Contains a high percentage of silt particles and feels smooth to the touch. This soil is a well drained soil due to the size of the particles allowing space for water to permeate. This soil holds nutrients more readily than clay soil due to the spaces. It is easy to cultivate but can be compacted quite easily.

Sandy soil

Contains a high percentage of sand particles and feels gritty to the touch, Allows for quite a lot of space in between particles and as a result is very free draining. This has its disadvantages however as it does not hold water and essential nutrients can get washed away.

Loamy soil

This is the best type of soil texture you can have in your garden. This is soil whose properties are controlled equally by the percentages of clay, silt and sand particles. It is well drained but does not loose water too easily as is the case with sandy and sometimes silty soils. The fact that it retains water means it also retains nutrients for your plants to use. It has a great structure and is easy to cultivate.

What Makes a Soil Healthy?

Healthy soil must be fertile and have a good structure.

For a soil to be fertile it must have nutrients readily available and a pH value at a recommended level for the plants that will reside in it. Nutrients that should be available are the essential nutrients nitrogen (leaf growth), phosphorous (root growth) and phosphorous (overall health). As well as the essential nutrients there should also be trace elements like calcium and magnesium. The pH level of the soil refers to its acidity or alkalinity and each plant has its own preferred value range. Plants placed into fertile soil will grow up to be very strong and healthy specimens (that is if other conditions like light levels and climate are favourable as well).

The other determiner of a healthy soil is its texture. We learned about different types of soil texture earlier in this article. Soil having a loamy texture is the healthiest and it should be strived for if at all possible. In general a soil that retain nutrients and allow water and air to permeate it will be beneficial for the life of your plants.

How to Create Healthy Soil

No matter what type of soil you have the addition of organic matter will work wonders for its health. Organic matter is plant and animal residues in varying forms of decomposition. It will replenish the nutrients in your soil and improve its texture. You may have heard countless times about adding your leftovers and glass clippings to a compost heap. This is a great idea as your compost is the best form of organic matter. Compost in an advanced stage of decomposition (dark and without smell) is magic for your soil. It encourages microorganism activity causing soil particles to clump together and form aggregates. The aggregates allows for spaces in the soil therefore increasing its drainage. This is especially beneficial for clay soils, which have poor drainage. Other forms of organic matter are animal manure and peat moss.
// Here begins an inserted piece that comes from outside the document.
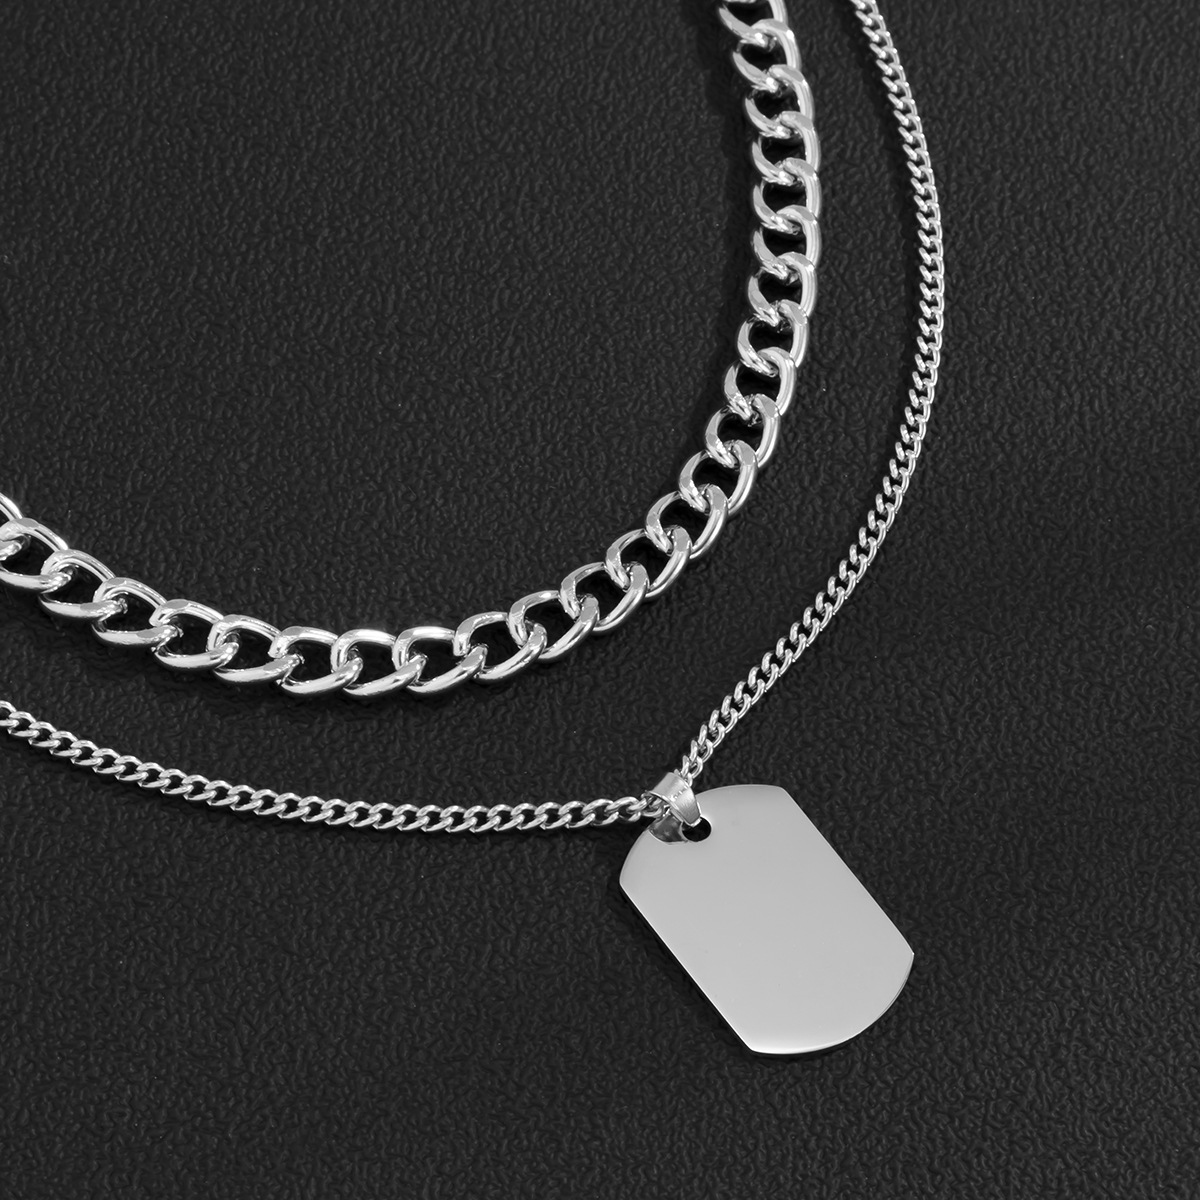 Hiphop titanium steel smooth military brand necklace jewelry punk style sweater chain multilayer geometric necklacepicture6

If your soil is lacking in nutrients and you don’t have access to a compost heap you have a choice of using inorganic or organic fertilizers. Inorganic fertilizers (inorganic salts, manufactured chemically) can be purchased at your local garden and are applied in a dry form that is raked lightly at the base of a plant or in a liquid form. While inorganic fertilizers will work fine they have a number of disadvantages: they release their nutrients too quickly and there is some evidence to show that plants develop a resistance to inorganic fertilizer methods over time, requiring more and more to achieve the same effect. Organic fertilizers are more in tune with nature because they are created from the remains or by-product of an organism. They act slower but they ‘amend’ the soil rather than the quick ‘feeding’ it like inorganic fertilizers.

The pH of your soil will also affect its fertility. Each plant has its own preferred pH value range. To learn more pH and how to change it read my Soil pH article.

Conclusion

Soil like a lot of things in the garden requires maintenance. We have learned about the different types of soil texture, what constitutes a fertile, healthy soil and how to create it if it does not exist. The next step is to step out into your garden, take a look at your soil and help your plants out if your soil is of a poor quality. Your plants will thank you ten-fold believe me. Good luck!